Ca raconte Sarah, au titre intriguant et poétique, tant par sa sémantique que par son jeu de sonorités, nous happe de la même façon que l’amour happe la narratrice ; d’une façon inattendue, involontaire, malgré nous. Elle qualifie l’amour avec une femme de tempête, je qualifierai Ca Raconte Sarah d’ouragan ; tant que l’on n’a pas fini la lecture de ce livre, il est impossible de s’en détacher. Le roman ne nous laisse pas le temps de reprendre notre souffle, il nous montre le point de départ, le point de fusion entre les deux femmes, à travers une écriture parfois haletante, parfois plus posée. Les chapitres de tailles variables et non équilibrés ne sont pas sans rappeler les recueils de poésie, dans lesquels une partie du roman pourraient entrer. ,
La trame narrative n’est pas franchement originale, ni même surprenante, quoi que la fin puisse apporter une surprise pour les moins téméraires : le roman nous montre le point de départ, le point de fusion entre les deux femmes. La beauté de ce livre réside, à mes yeux, dans l’écriture de l’histoire, dans le sens qu’elle prend, et dans les passions dévastatrices qui y sont narrées. Il est en effet difficile de classer cet œuvre dans un genre.
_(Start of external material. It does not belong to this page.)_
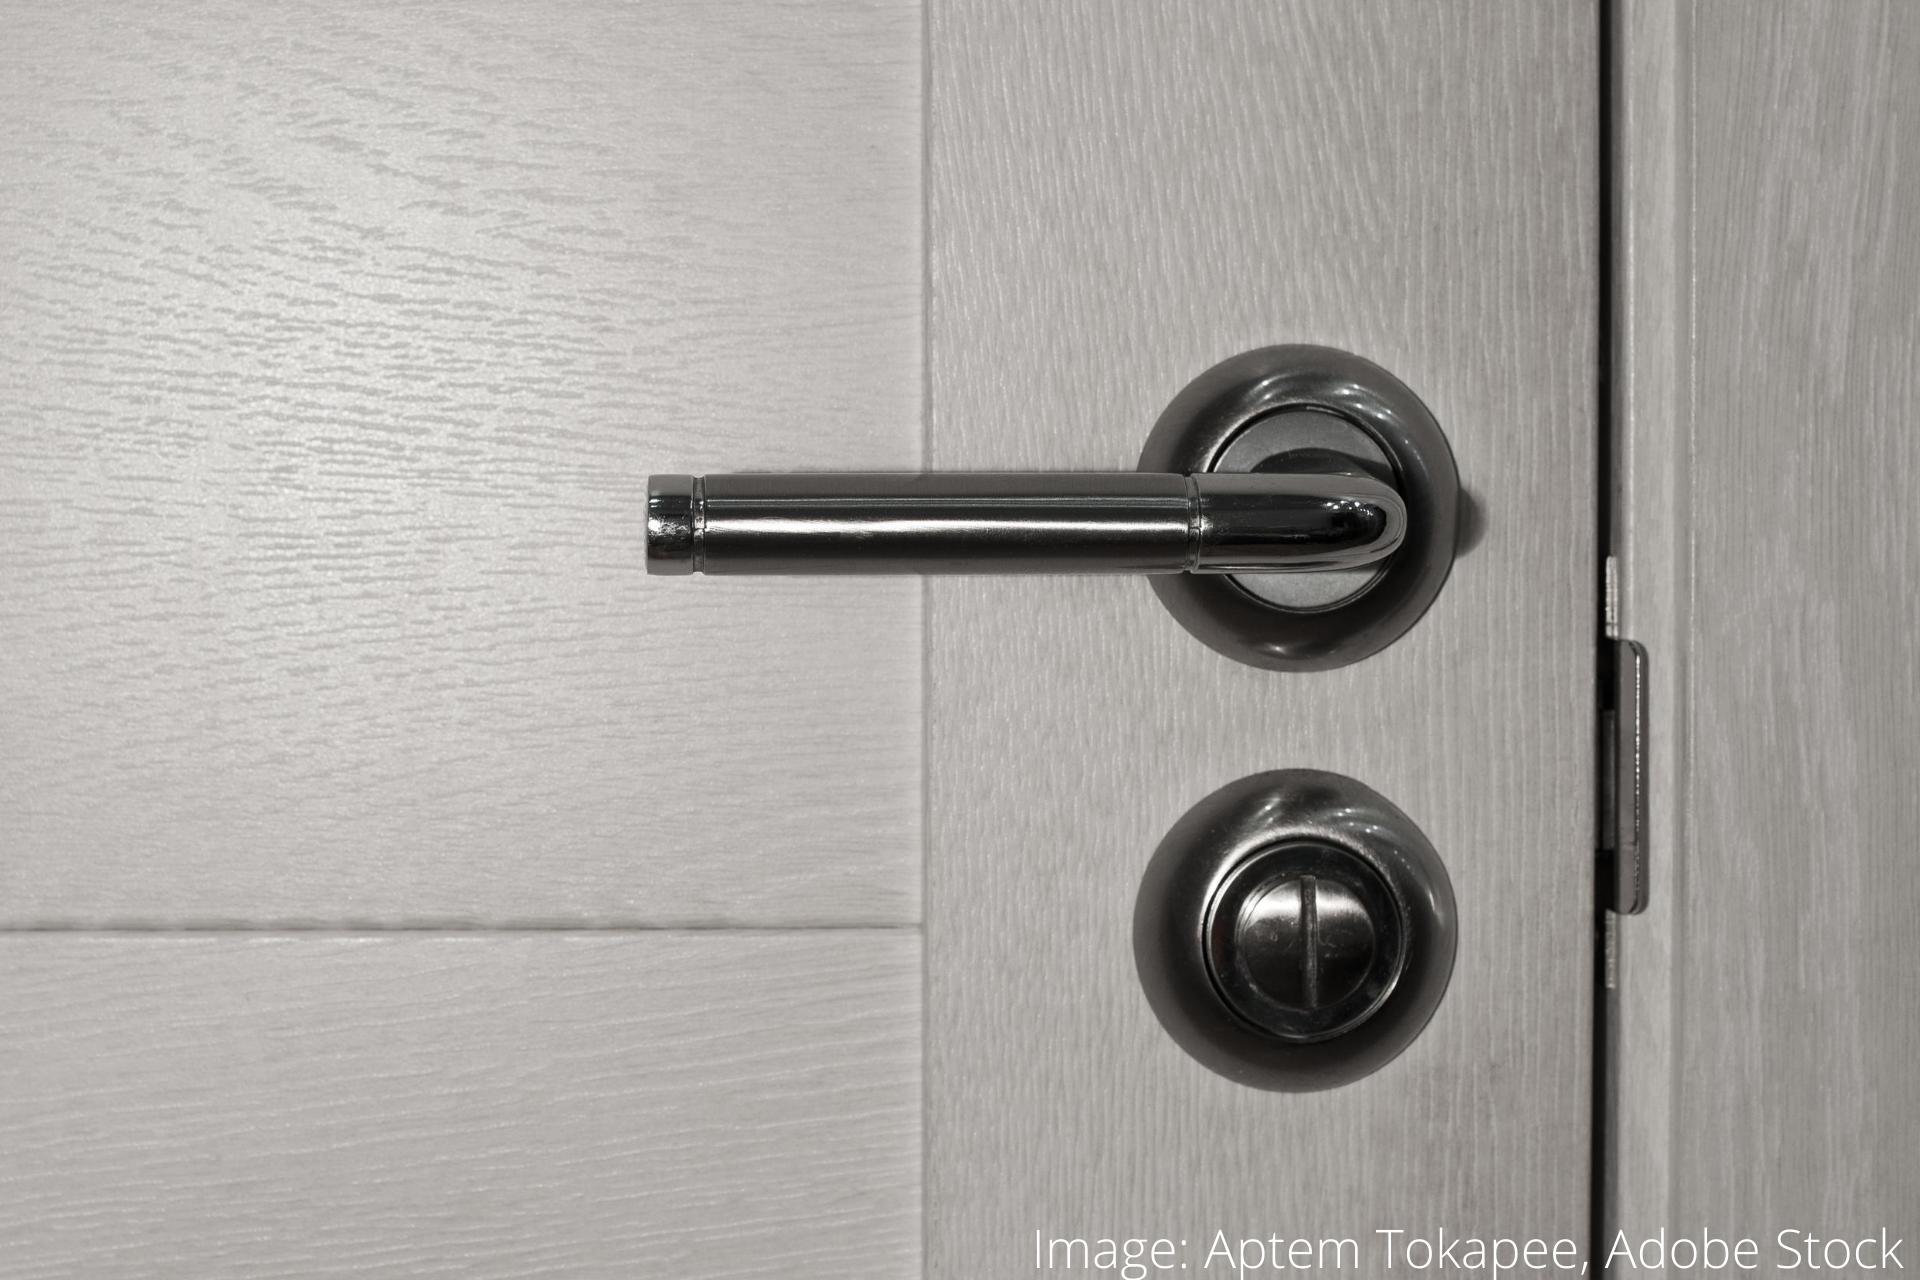 hvordan du nemt renser dørhåndtag (1)

Est-ce de la prose, ou des vers libres ? Est-ce vraiment un roman d’ailleurs ? Mais cette oeuvre est plus que l’histoire de la naissance et de la mort d’une passion, c’est aussi l’histoire d’une initiation, celle à la sexualité avec une autre femme, c’est l’histoire de la confusion entre rupture et meurtre, entre rupture et maladie, entre maladie et meurtre. Ca raconte Sarah interroge sur l’émancipation face à la passion, est-elle possible ? La narratrice peut-elle replonger dans une vie sans passion, elle qui perd goût à la vie dès que Sarah repart en tournée ? Peut-être. Alors elle s’émancipe, se dégage de l’étreinte de l’amour tant bien que mal, poussée par le dépérissement de Sarah.
L’ajout de passages surprenants par leur pragmatisme dans cet élan d’irrationalité détonne, et semble confirmer l’aspect « authentique » du flot des pensées de la narratrice, qui se mêlent sous le coup de la passion, tout en venant apporter des éléments sur sa relation avec Sarah ( ainsi Hiroshima mon amour renvoie au caractère explosif de sa relation avec Sarah, mais les explications données tendent à illustrer le caractères conflictuel et le lien entre amour et mort, écho sournois au dénouement de leur histoire).
Après la lecture du livre, une chose m’a troublée ; je me suis rendue compte qu’a aucun moment la narratrice n’était présentée, et pourtant j’ai eu l’impression, durant toute ma lecture, de l’avoir saisie, d’en avoir eu une représentation de faite. La justesse de l’écriture m’a menée à connaitre la narratrice à travers ses sentiments et grâce à l’accès à sa pensée, et j’en suis venue à ne pas condamner l’abandon qu’elle fait de sa famille, au profit de la découverte d’elle-même, d’une nouvelle « elle », moins rangée et loin de sa vie routinière d’avant. J’ai ressenti, au même titre que la narratrice, la longueur et la monotonie de ses journées en Italie, loin de Sarah, grâce à l’écriture juste de l’auteure.
Le dénouement montre la narratrice se pensant responsable de la maladie de Sarah, et donc de la mort de leur passion. De cette lecture, les affiches de la tournée de Sarah deviennent un élément déclencheur de la fin de la narratrice, bien que cette fin ne soit pas explicite, et peut laisser le lecteur l’imaginer.